**** SUPPLIED ENTRIES ****
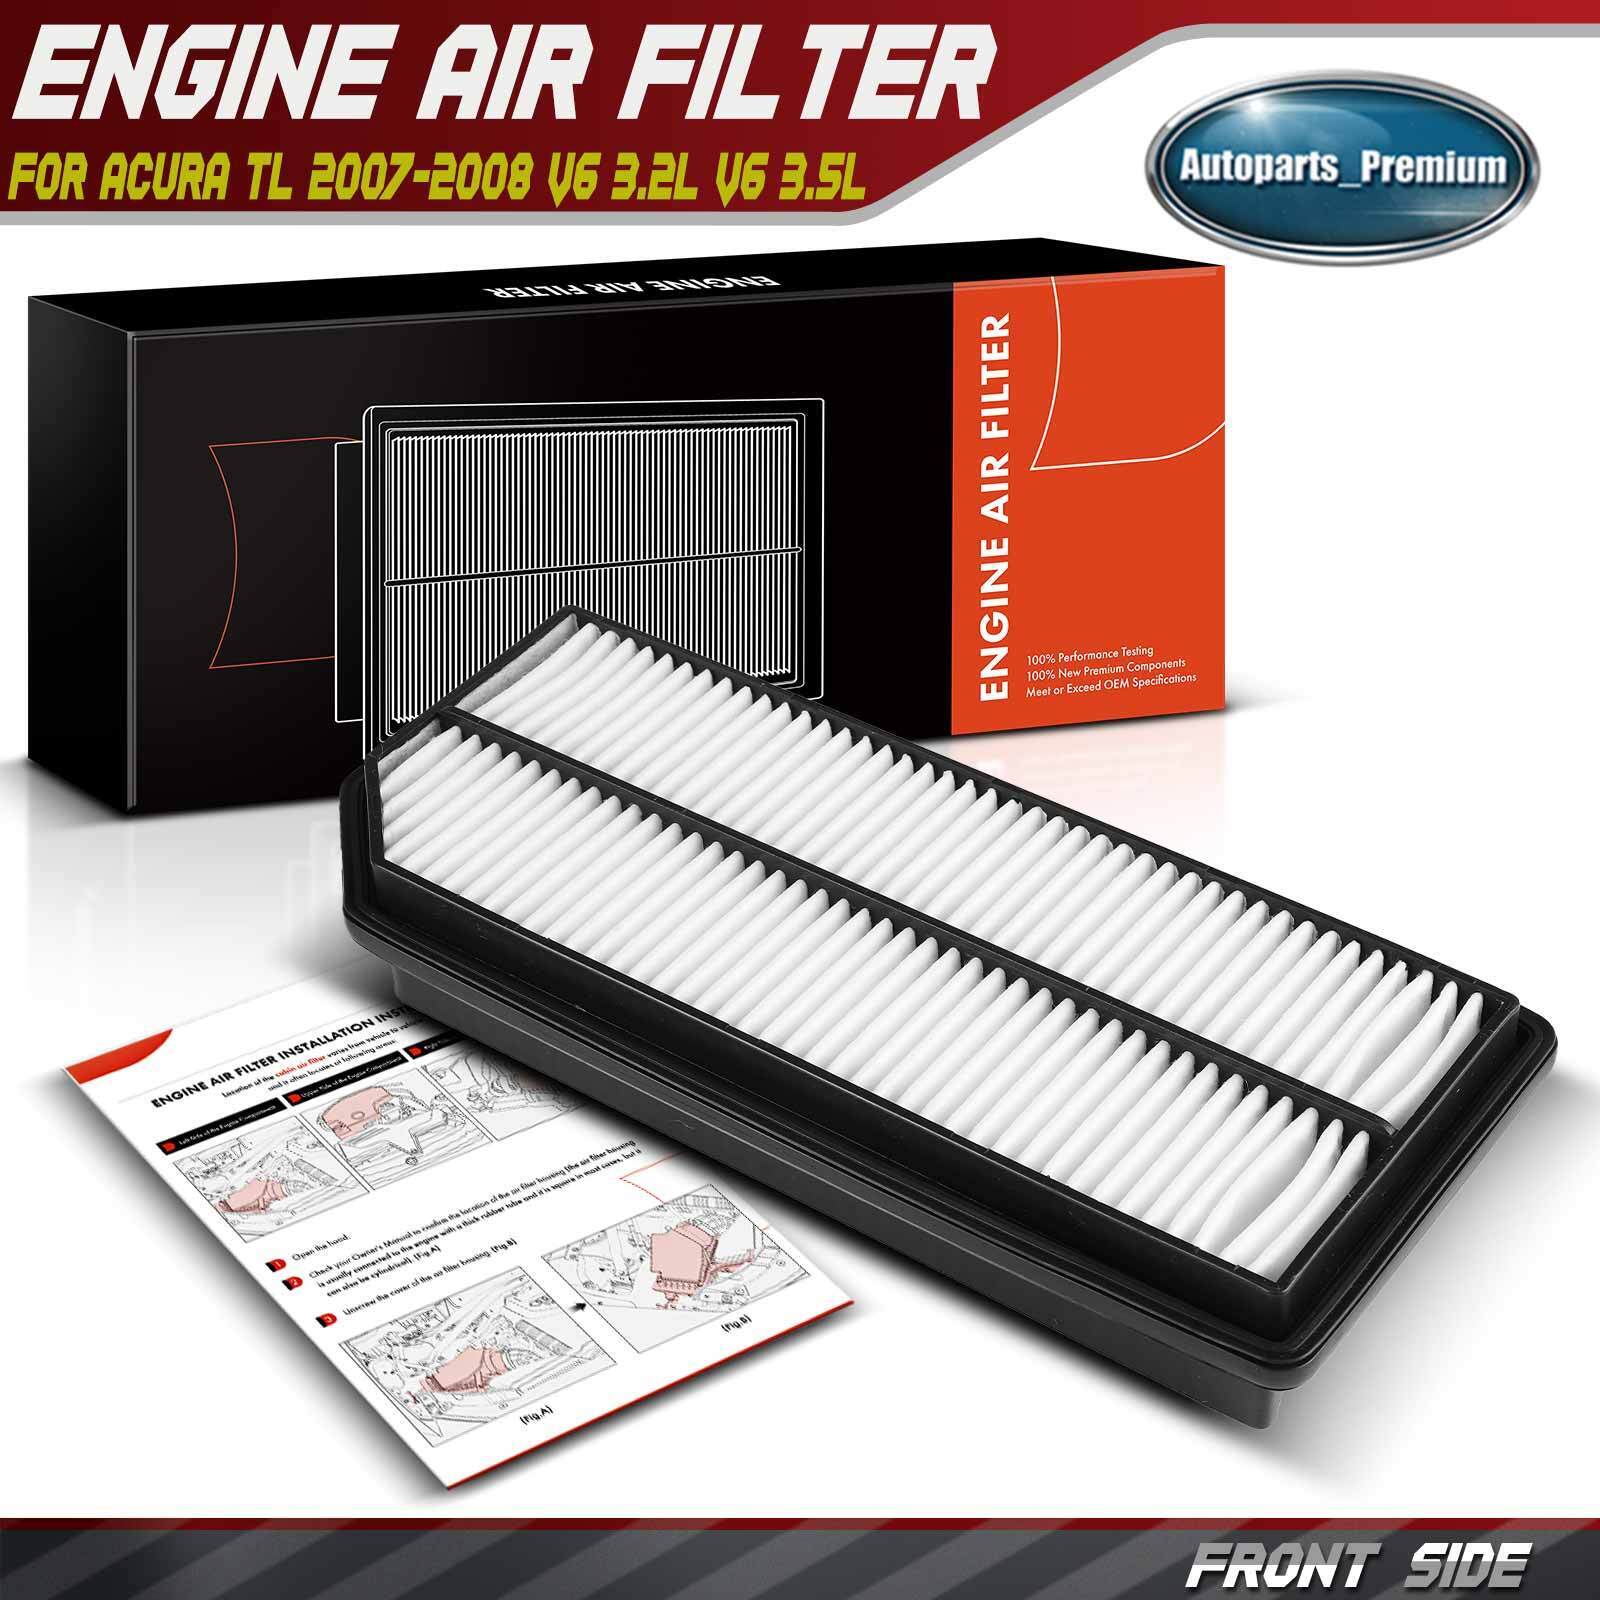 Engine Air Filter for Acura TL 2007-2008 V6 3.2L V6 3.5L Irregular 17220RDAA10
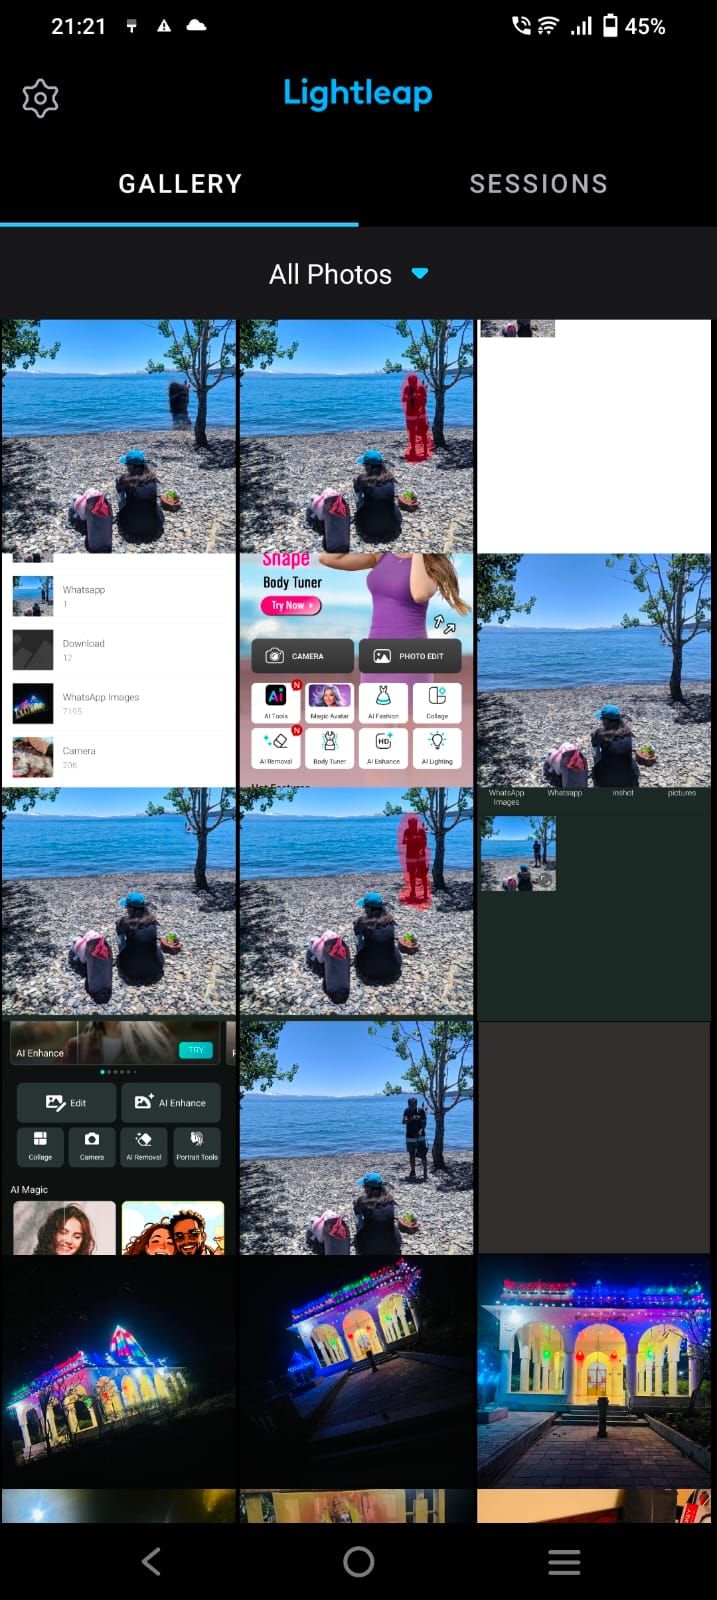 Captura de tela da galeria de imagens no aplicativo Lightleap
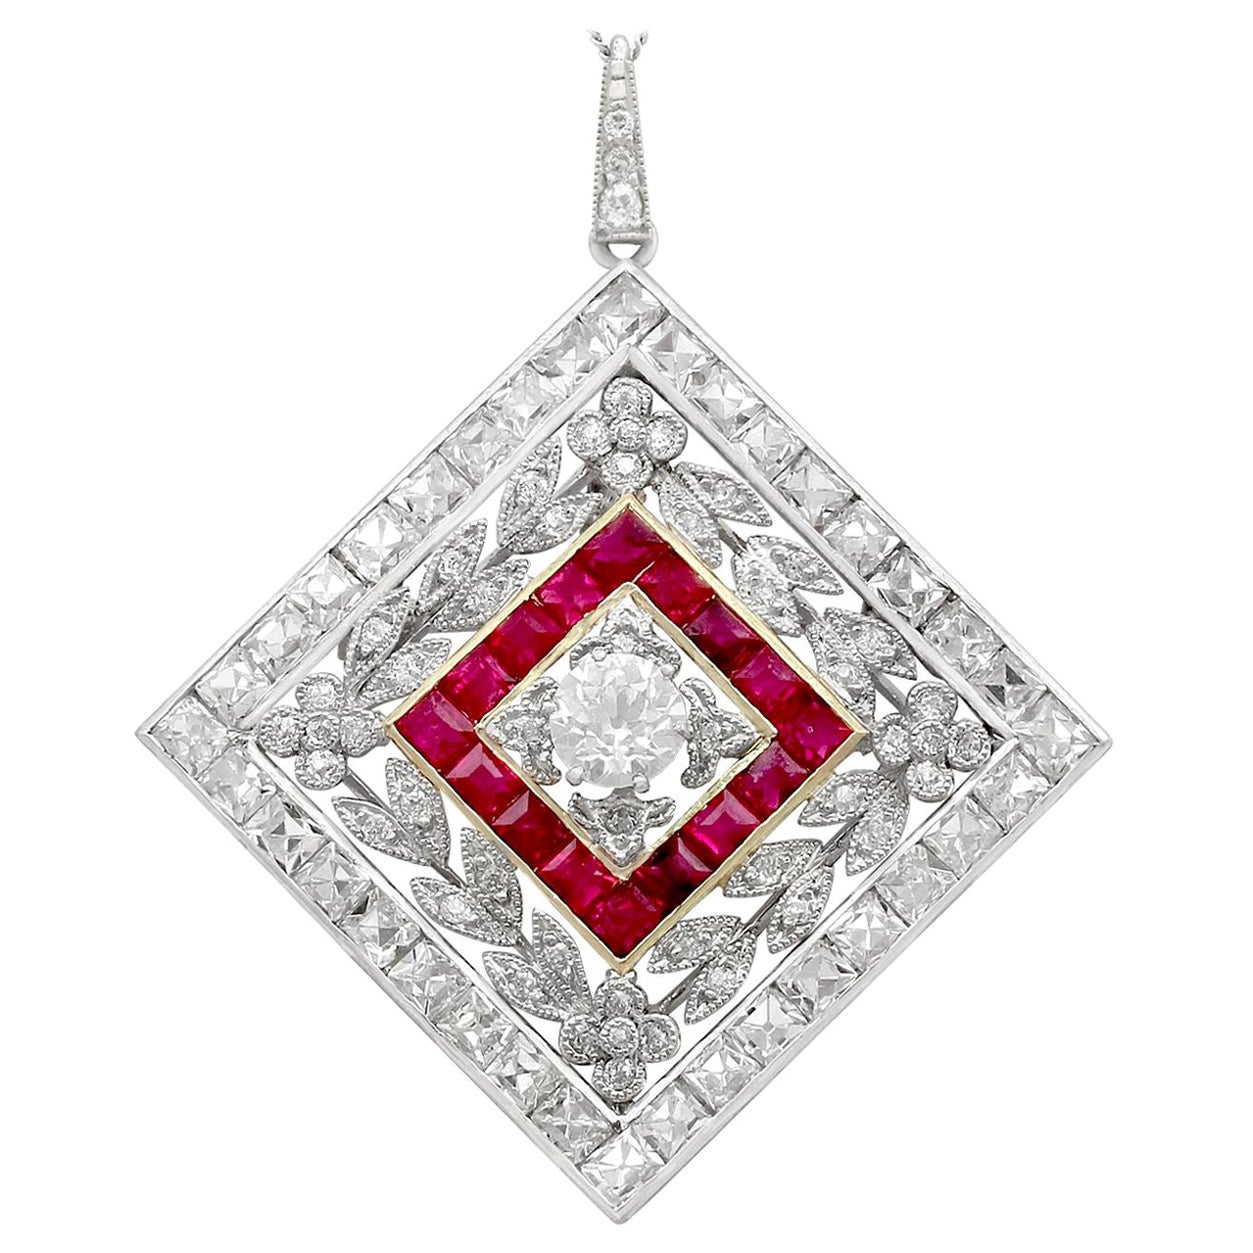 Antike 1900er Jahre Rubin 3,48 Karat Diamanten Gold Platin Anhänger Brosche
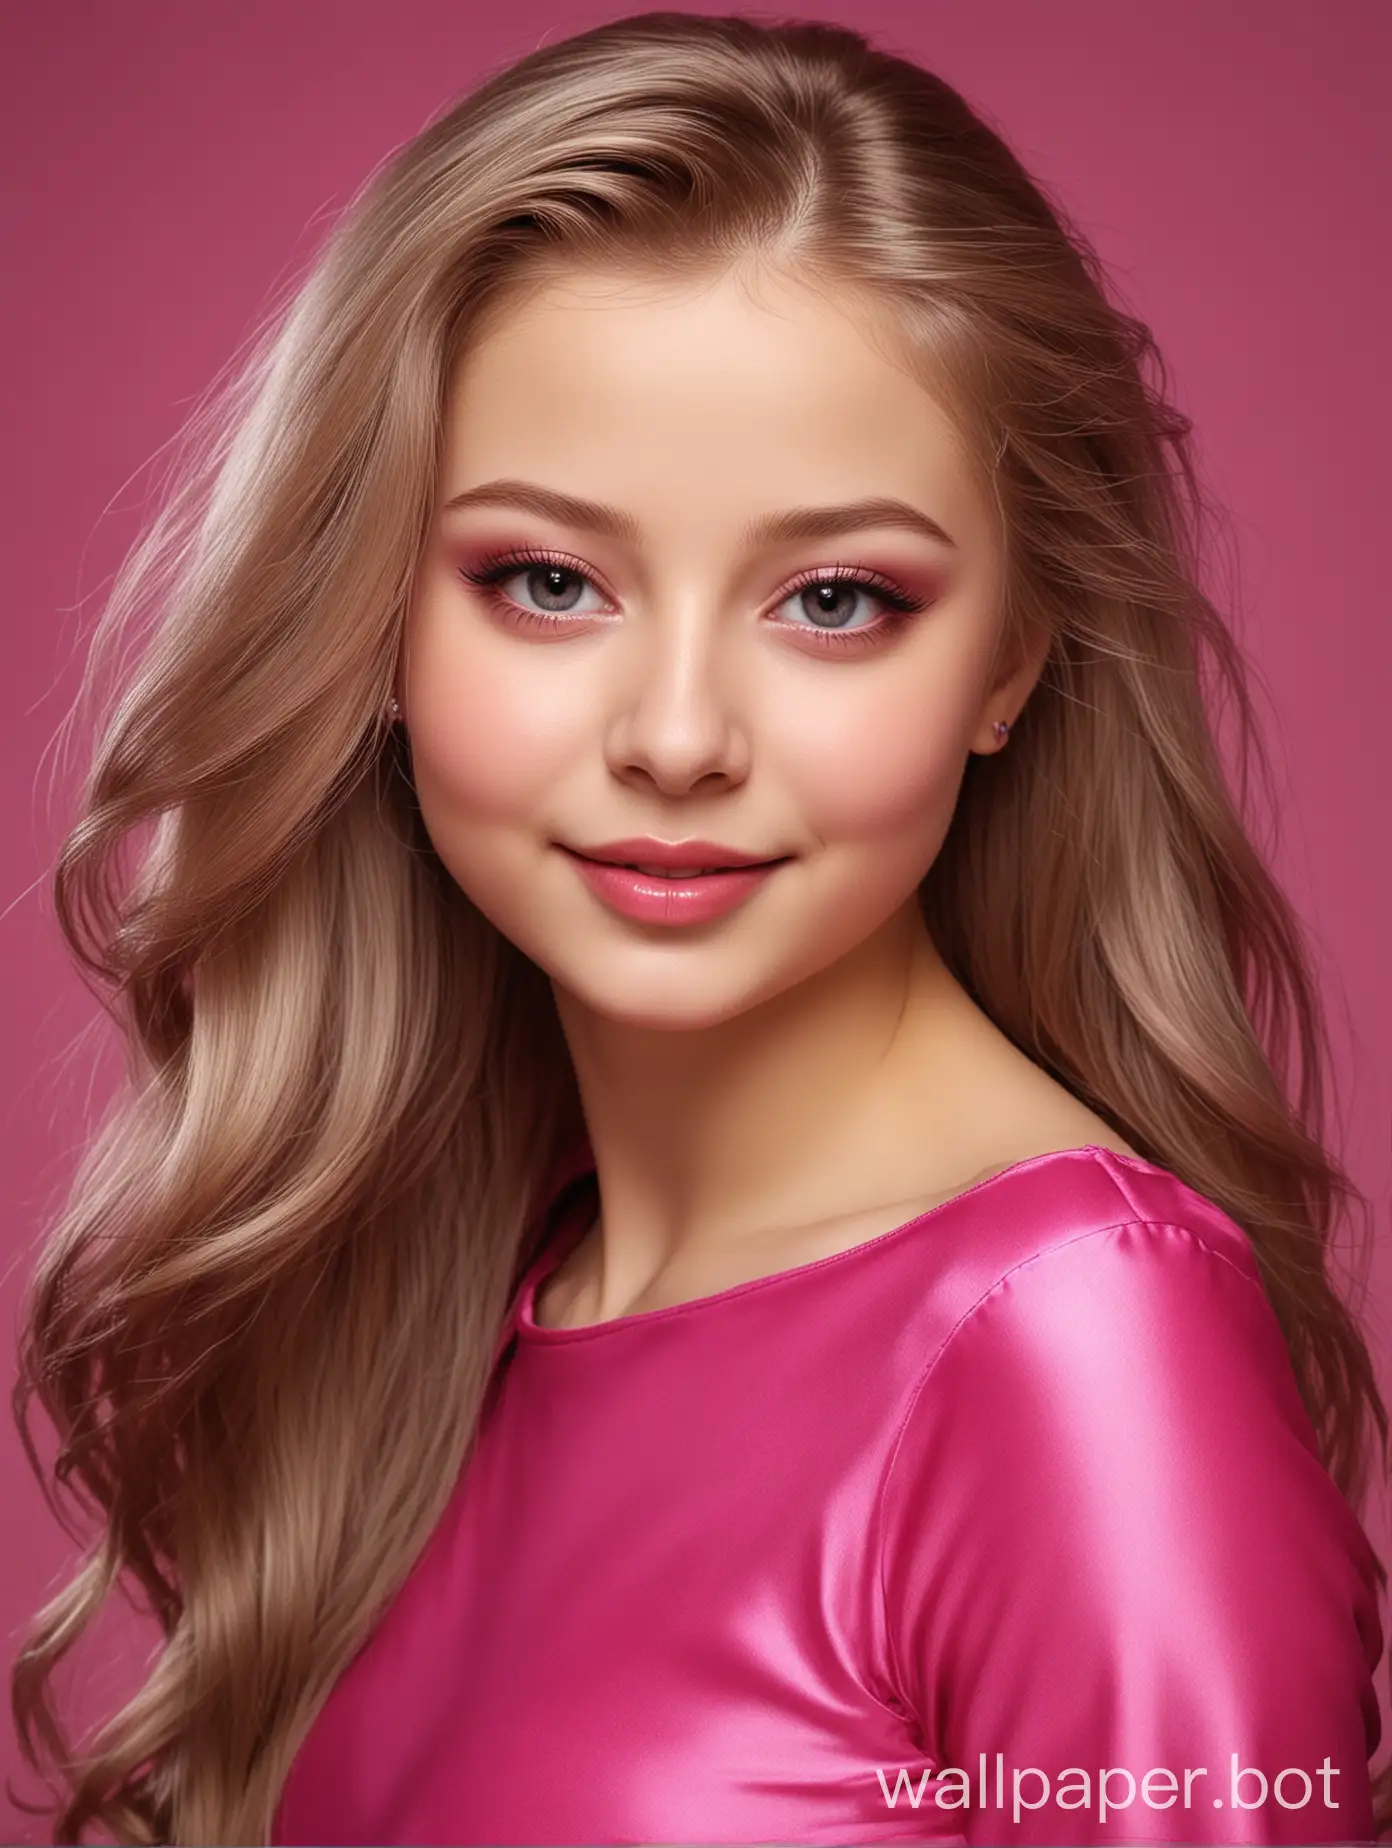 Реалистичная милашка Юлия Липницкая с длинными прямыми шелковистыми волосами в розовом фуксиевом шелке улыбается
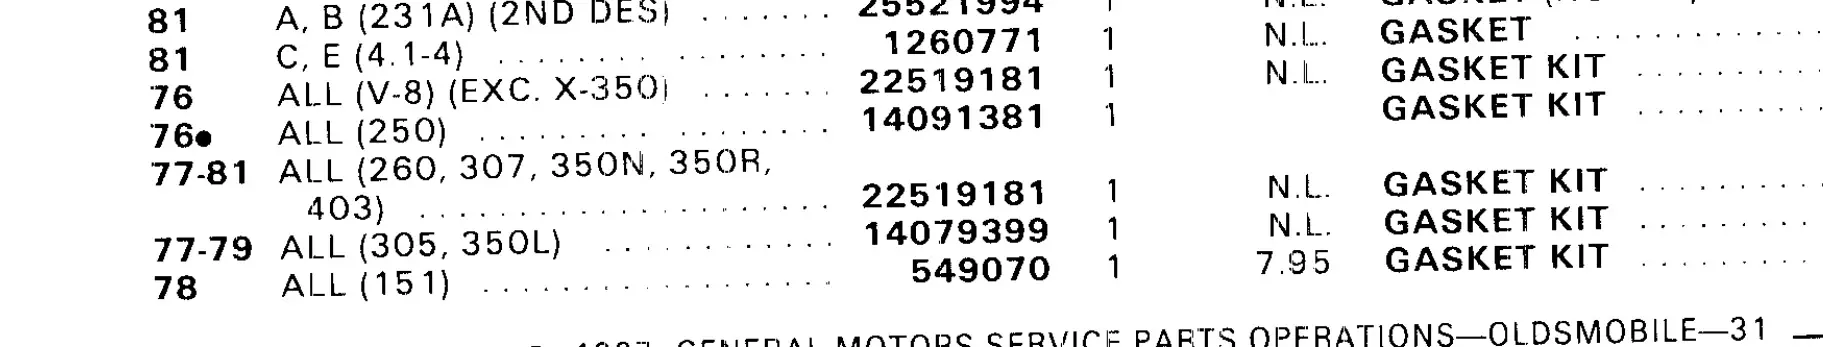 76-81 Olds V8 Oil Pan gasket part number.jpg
****
TASK STATEMENT:
The response consists of the data above printed line for line, with no pictures.

PROBLEM SOLUTION:
 Engine Air Filter for Acura TL 2007-2008 V6 3.2L V6 3.5L Irregular 17220RDAA10
 Captura de tela da galeria de imagens no aplicativo Lightleap
 Antike 1900er Jahre Rubin 3,48 Karat Diamanten Gold Platin Anhänger Brosche
 Реалистичная милашка Юлия Липницкая с длинными прямыми шелковистыми волосами в розовом фуксиевом шелке улыбается
 76-81 Olds V8 Oil Pan gasket part number.jpg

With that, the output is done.